The majority of our friends live close to where we live, or at least where we lived during the time period the friendship developed (Nahemow & Lawton, 1975). In most cases, the more exposure we have to a stimulus, the more apt we are to like it. Proximity strengthens relationships because friendships develop after getting to know someone, and closeness in distance provides the easiest way to accomplish this goal. Segal (1974) observed that seating order according to alphabet predicted close friendships between people who’s surnames began with the same letter.
In the Westgate Housing research done by Festinger, Schachter, and Back (1950), friendship formation was tracked among families moved into Westgate apartment complexes. Couples would name their three closest friends. 65% of the friends mentioned were in the same building. 41% of the next-door neighbors (19′ apart) were close friends. 22% of those who were two doors away (38′ apart) said so. Only 10% of those who lived on opposite ends of the hall (89′ apart) said they were close friends.
Attraction also depended on functional distance: people whose rooms were next to the building’s mailboxes were more likely to have friends, since others would pass by them each day on the way to the mailbox. We tend to associate our opinions about other people with what we have in common. Agreement or similarities between two people would likely result in more attractiveness (Neimeyer & Mitchell, 1988). Theodore Newcomb (1961) observed male college students randomly assigned to be roommates in a dormitory at the start of a school year and predicted friendship formation by similarity.
Men became friends with those from the same demographic (e. g. race and economic background), as well as those with the same political attitudes and majors. Bordens (1995) believes romantic attractions have what is called matching principles. People tend to become involved with a partner when they usually closely matched in terms of physical attributes of social status. To keep bonds strong between people, it helps to have similarities to discuss and participate in.

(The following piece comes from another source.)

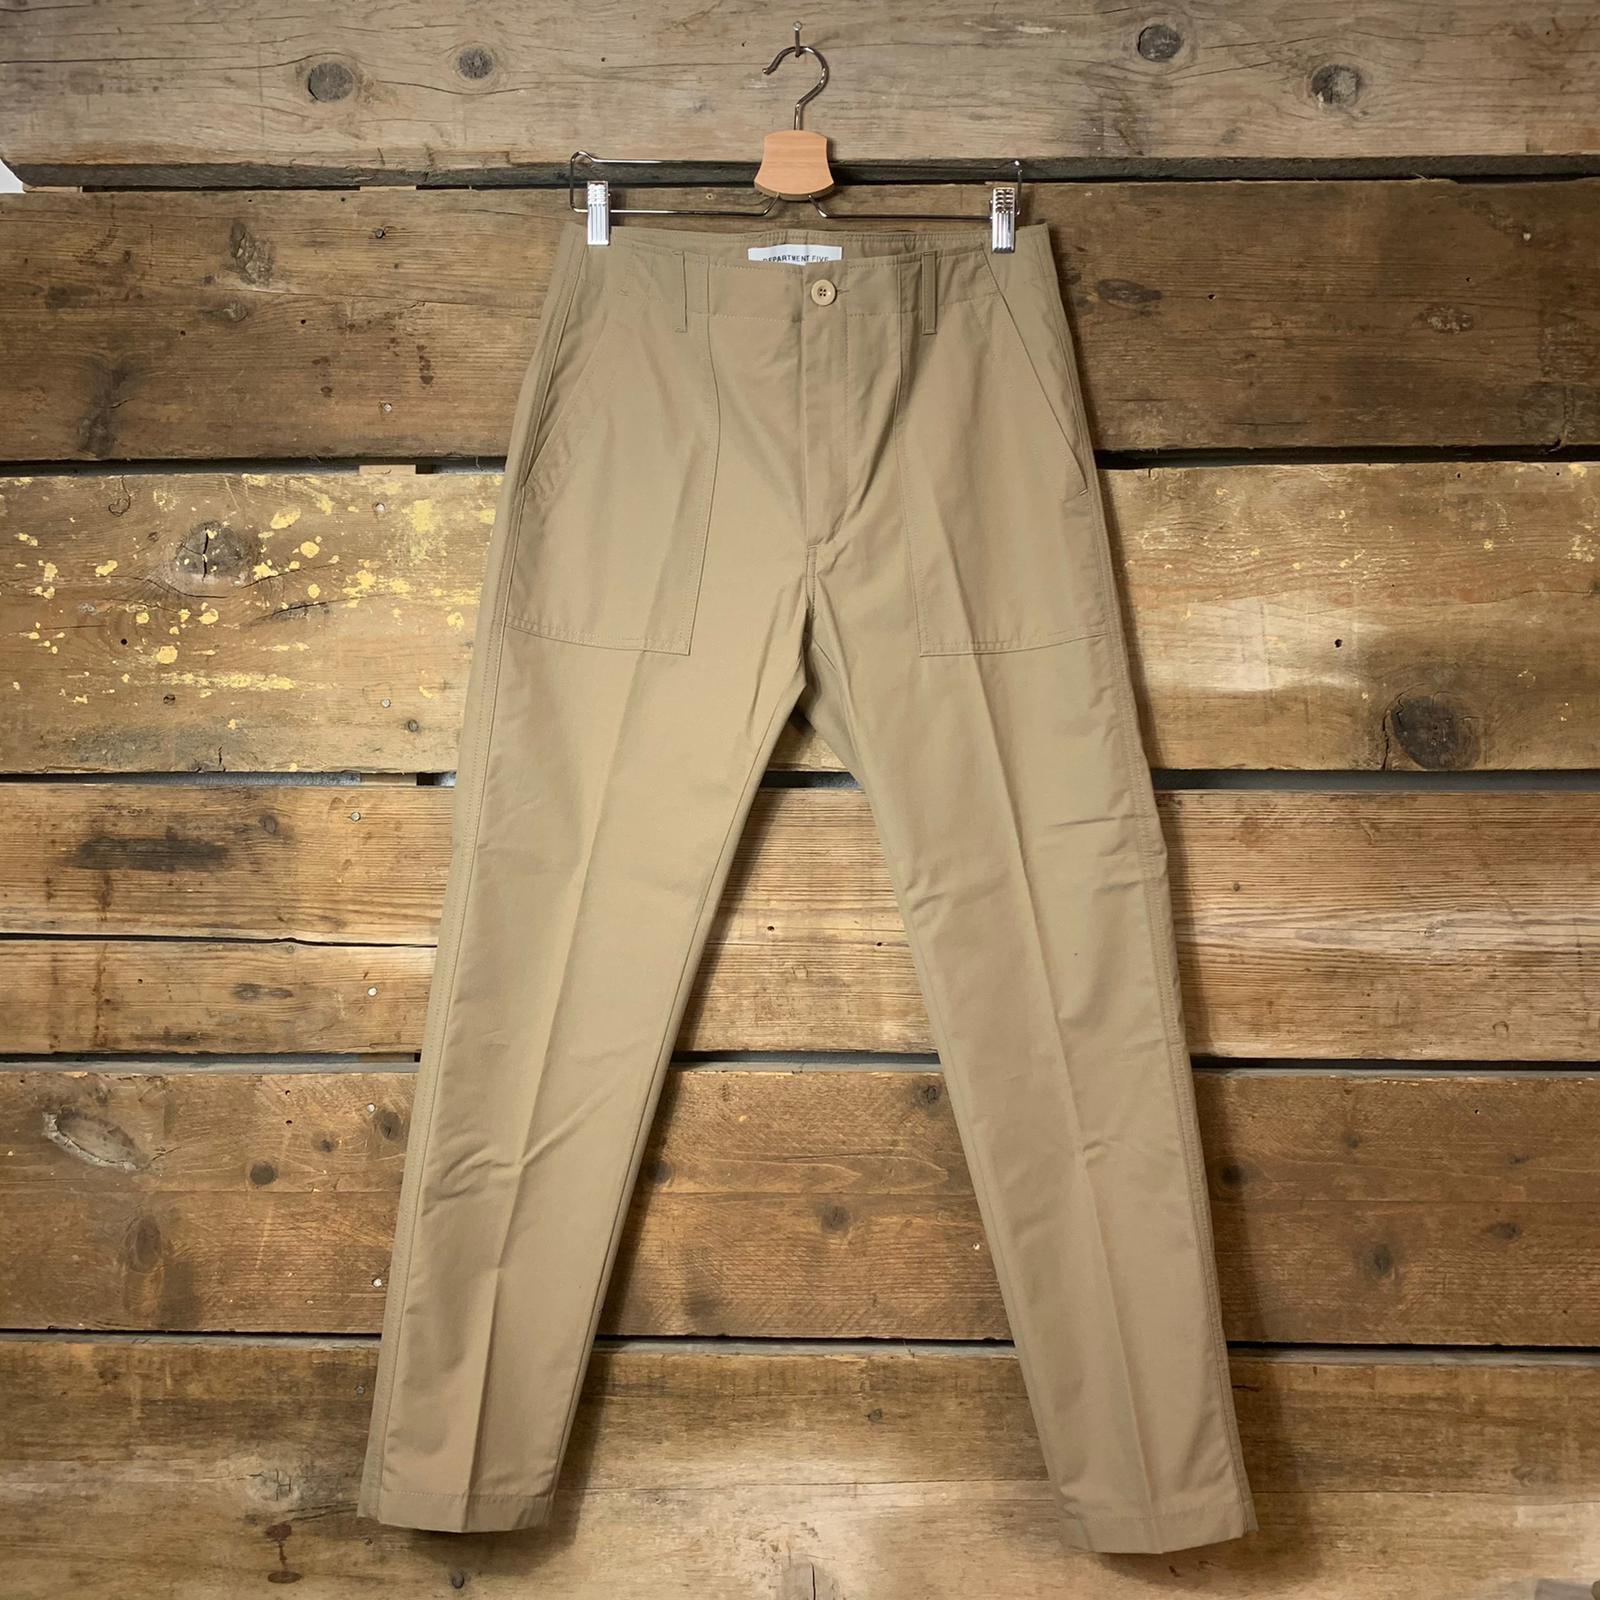 Pantalone Department 5 Uomo Prince Fatique Corda

Burleson and Samter (1996) found that people with high communication skills enjoy the company of people with high communication skills. People with low communication skills prefer the company of people with low communication skills. A mismatch leads to frustrating conversations and eventual breakup. A large part of interpersonal attraction is due to reciprocal liking. People tend to like those better who return the feeling of attraction, and this rewarding feeling of acceptance usually results in a higher level of attraction toward that person (Forgas, 1992; Zajonc & McIntosh, 1992).
An alternative explanation would be that reciprocity occurs because it is flattering to the ego (Gilbert & Jones, 1986). According to the ‘reward cost principle’ we are attracted to people who seem to like us (Aropnson, 1980). This attraction may be based on similarities or shared interests- a person agreeing with our beliefs, ideas and attitudes. This is attributed to the belief that when a person is in agreement with us, they support what we believe, providing us with the reward of reinforcement.
Rubin (1973) suggests that the rewarding nature of similarities lies in the basis for joint activities, affirmation through agreement leading to increased self confidence, ease of communication, vanity and reciprocal liking. Attraction relates to social psychology in that society’s influence and our own beliefs and values play an important role. Attraction is reinforced through physical attractiveness, proximity, similarity, and reciprocity. In applying these factors to your own relationships, you will find that interpersonal attraction does indeed play a role.